Similar auROC values were obtained in the discrimination between acidemic and normal fetuses, and between normal and vaginal operative deliveries, when using ECG and PPG signals. The highest observed value of 0.70 using SampEn(2,0.1) in H2 regarding fetal acidemia, and of 0.74 using mHR in H2 in the detection of operative vaginal delivery, opens the possibility of single or combined use of MHR and FHR indices, in the identification of these situations. The discriminatory capacity of these indices may be higher for detection of fetal acidemia when considering a multivariate approach (Gonçalves et al. 2016). However, the objective of maximizing discriminatory performance was not under the scope of the present study.

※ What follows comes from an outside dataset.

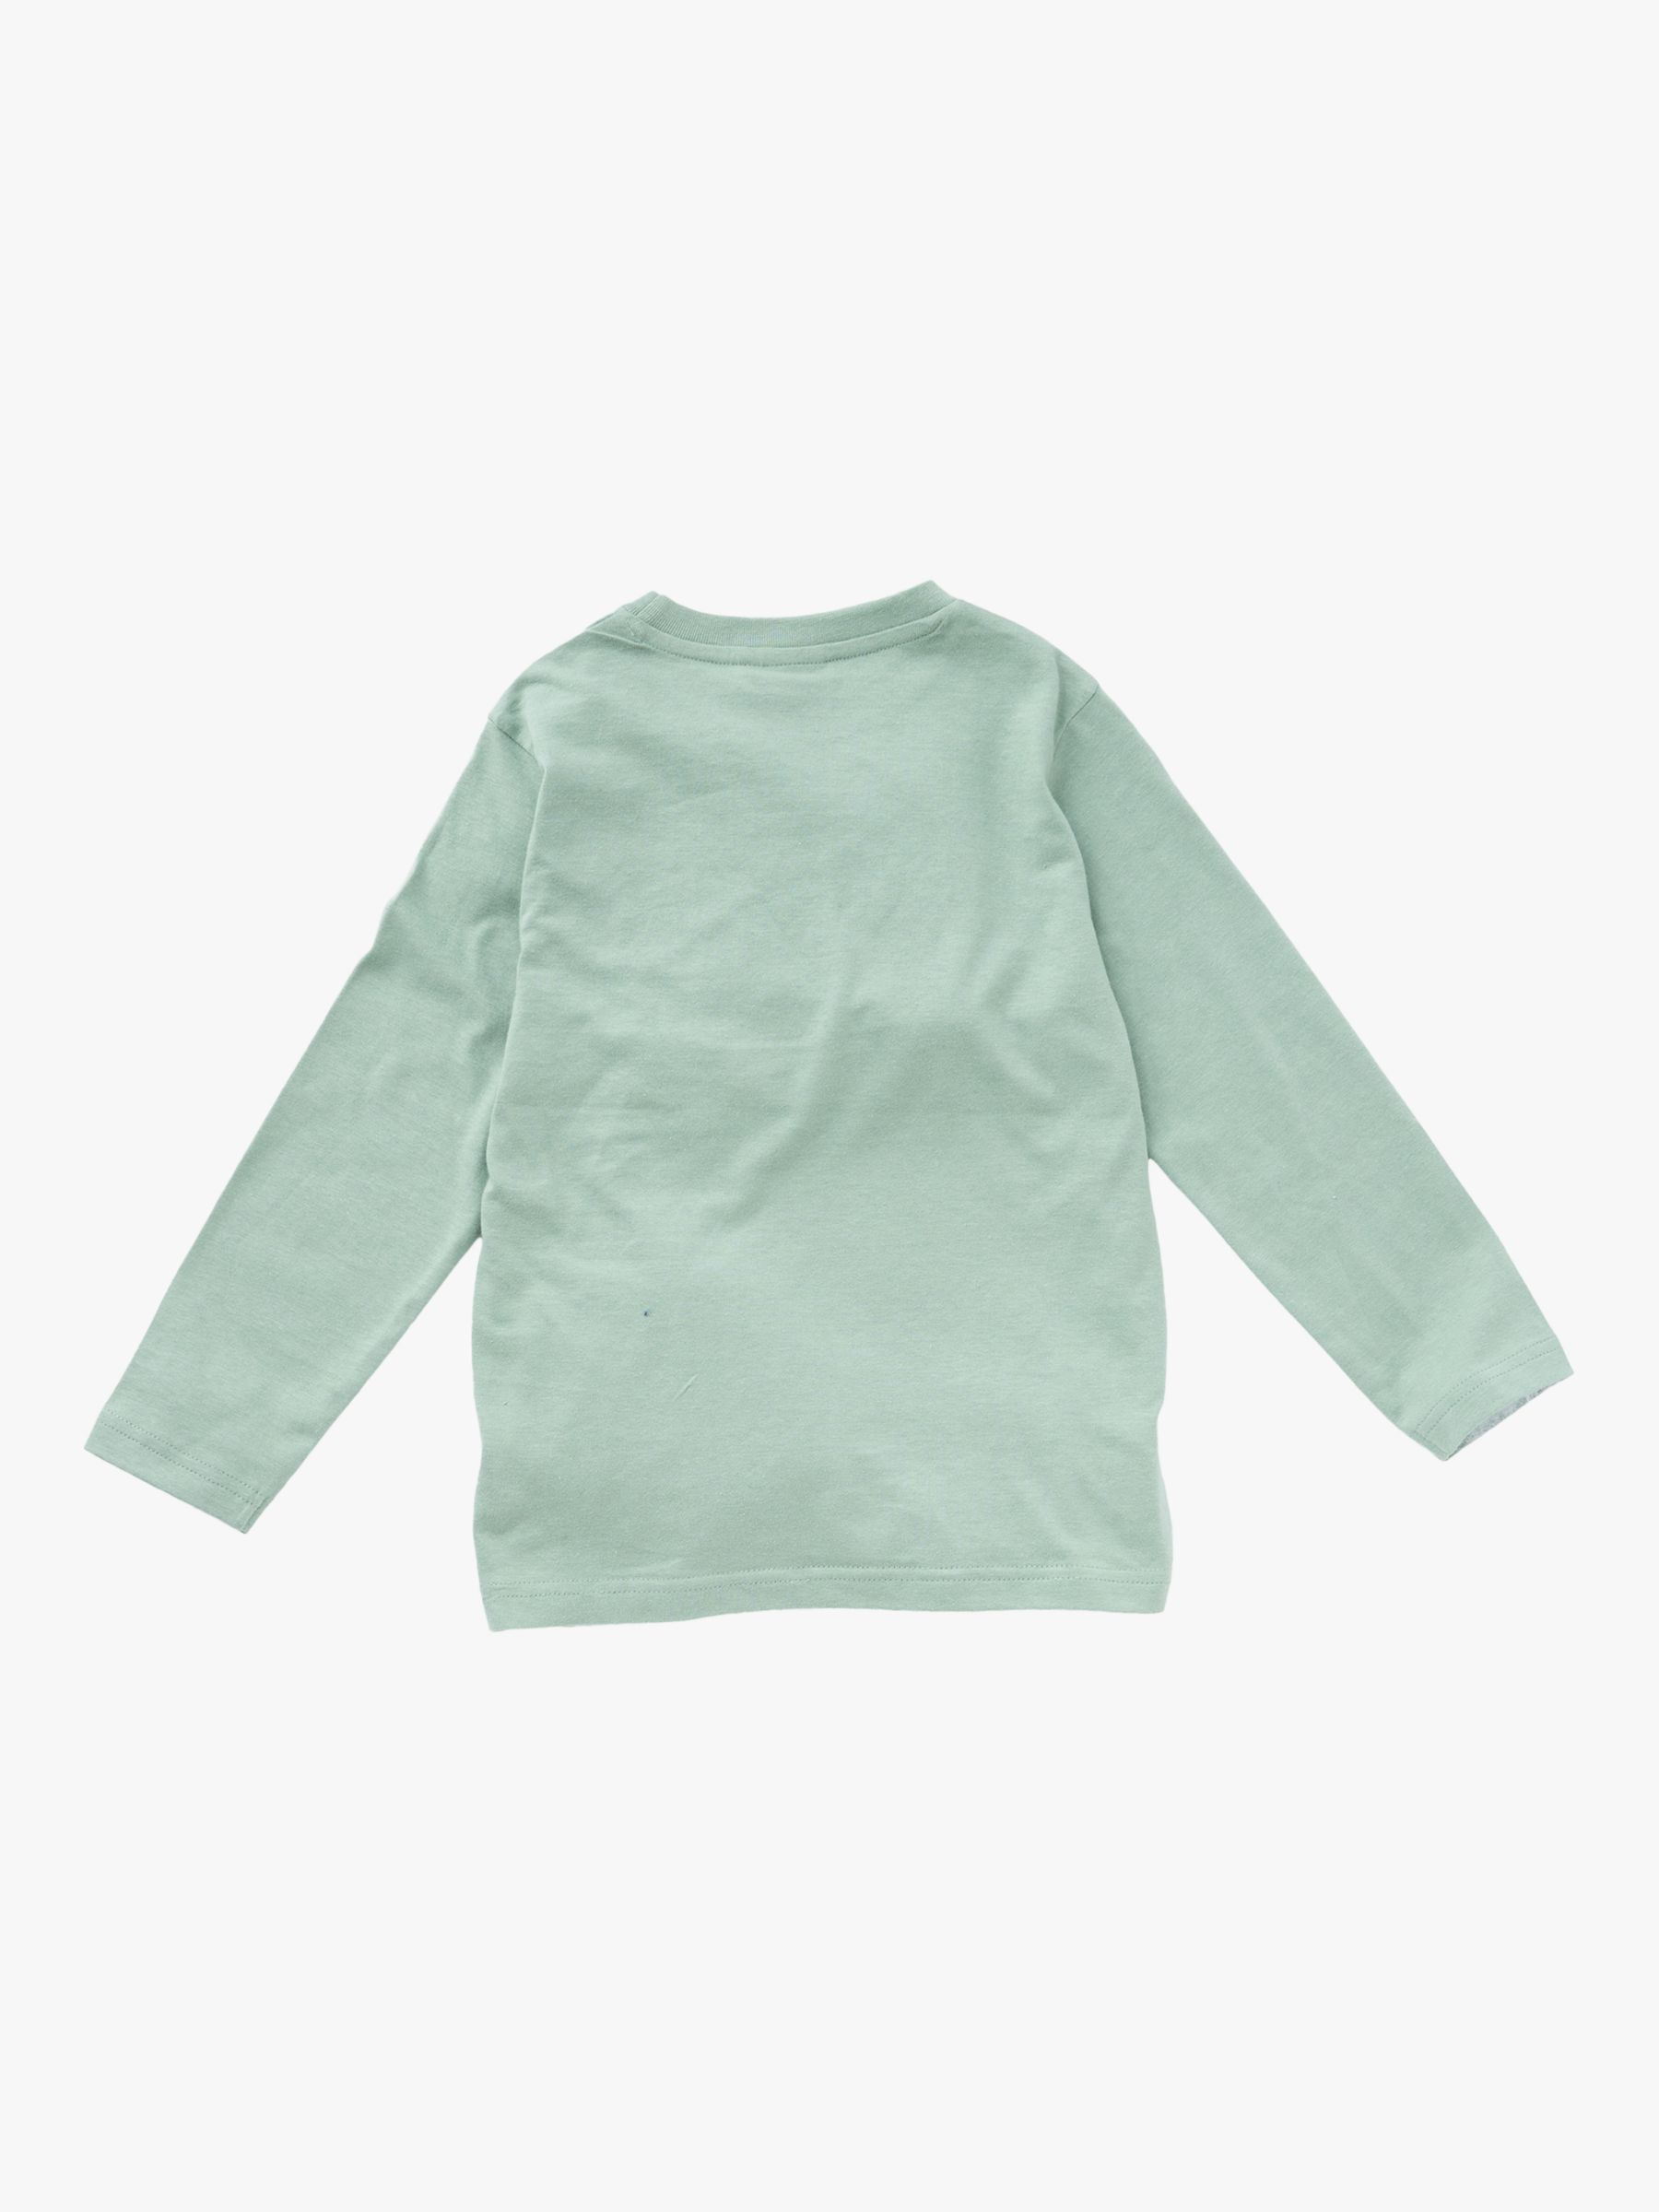 Buy Angel & Rocket Kids' Marvel Long Sleeve T-Shirt, Green Online at johnlewis.com

Further refinement of pre-processing and processing algorithms may optimize the results reported in this study, regarding clinical applications. Conventional fetal monitors supply MHR at 4 Hz intervals, whereas the frequency bands of interest in human adults are in the range 0–0.4 Hz. Accordingly, 80 % of the spectrum corresponding to the interval between 0.4 Hz and the Nyquist frequency (2 Hz) is of little interest. Therefore, signal acquisition or resampling at 2 Hz rather than 4 Hz may be considered, as in the present study, and this may allow a reduction in computation time without compromising results. However, particular care must be taken when analyzing MHR signals at other untested sampling frequencies (smaller than 2 Hz or beat-to-beat), as this has been shown to influence the results of variability indices (Gonçalves et al. 2013). Additionally, the sampling frequency, presence of noise and the filtering procedure of the original signal, and different equipment from the one considered in this study, must be carefully evaluated.

Conclusion

In conclusion, although PPG capture faster oscillations of the MHR signal less well than ECG and is prone to have higher signal loss in the last 10-min preceding delivery, it can be considered an alternative for MHR monitoring during labour, when appropriate MHR variability indices are used with a proper adaption of cut-off intervals. Further studies are warranted to confirm whether access to the PPG raw signal data or more detailed information on the extraction method will improve performance, and whether linear and entropy analysis of MHR, alone or in combination with FHR, may be clinically useful.